Really makes me wonder: Who are these people and why are they doing that?

[0] https://news.ycombinator.com/item?id=46745039

sota_pop 1/28/2026||
> Slopacolypse Really… REALLY not looking forward to getting this word spammed at me the next 6-12 months… even less so seeing the actual manifestation.

> TLDR This should be at the start?

I actually have been thinking of trying out ClaudeCode/OpenCode over this past week… can anyone provide experience, tips, tricks, ref docs?

My normal workflow is using Free-tier ChatGPT to help me interrogate or plan my solution/ approach or to understand some docs/syntax/best practice of which I’m not familiar. then doing the implementation myself.

gverrilla 1/28/2026|
Claude code official docs are quite nice - that's where I started.
neuralkoi 1/27/2026||
> The most common category is that the models make wrong assumptions on your behalf and just run along with them without checking.
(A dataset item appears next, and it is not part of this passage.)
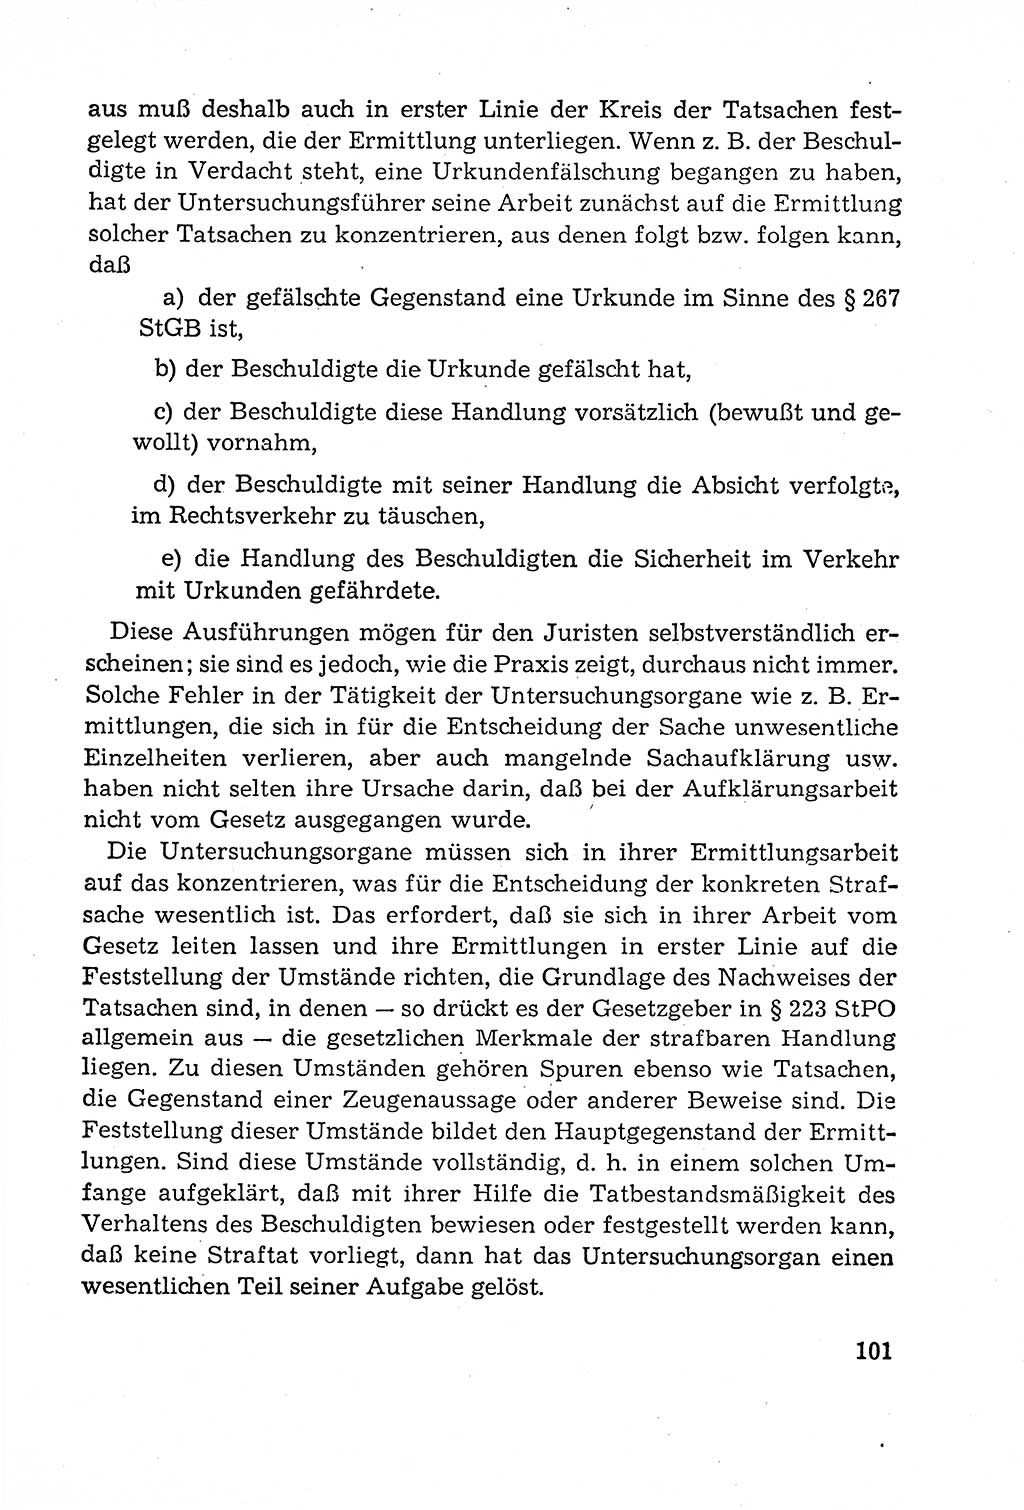 Leitfaden des Strafprozeßrechts der Deutschen Demokratischen Republik (DDR) 1959, Seite 101 (LF StPR DDR 1959, S. 101)

If current LLMs are ever deployed in systems harboring the big red button, they WILL most definitely somehow press that button.

arthurcolle 1/27/2026||
US MIC are already planning on integrating fucking Grok into military systems. No comment.
Havoc 1/28/2026|||
Including classified systems. What could possibly go wrong
blibble 1/28/2026|||
the US is going to stop the chinese by mass production of illegal pornography?
groby_b 1/27/2026||
fwiw, the same is true for humans. Which is why there's a whole lot of process and red tape around that button. We know how to manage risk. We can choose to do that for LLM usage, too.

If instead we believe in fantasies of a single all-knowing machine god that is 100% correct at all times, then... we really just have ourselves to blame. Might as well just have spammed that button by hand.

solarized 1/28/2026||
Next milestone: solving authoritarian LLM dependencies. We can’t always get trapped in local minima. Or is that actually okay?
superze 1/27/2026||
I don't know about you guys but most of the time it's spitting nonsense models in sqlalchemy and I have to constantly correct it to the point where I am back at writing the code myself. The bugs are just astonishing and I lose control of the codebase after some time to the point where reviewing the whole thing just takes a lot of time.

On the contrary if it was for a job in a public sector I would just let the LLM spit out some output and play stupid, since salary is very low.

jbjbjbjb 1/28/2026|
> do generalists outperform specialists?

Depends what we mean by specialist. If it frontend vs backend then maybe. If it general dev vs some specialist scientific programmer or other field where a generalist won’t have a clue then this seems like a recipe for disaster (literal disasters included).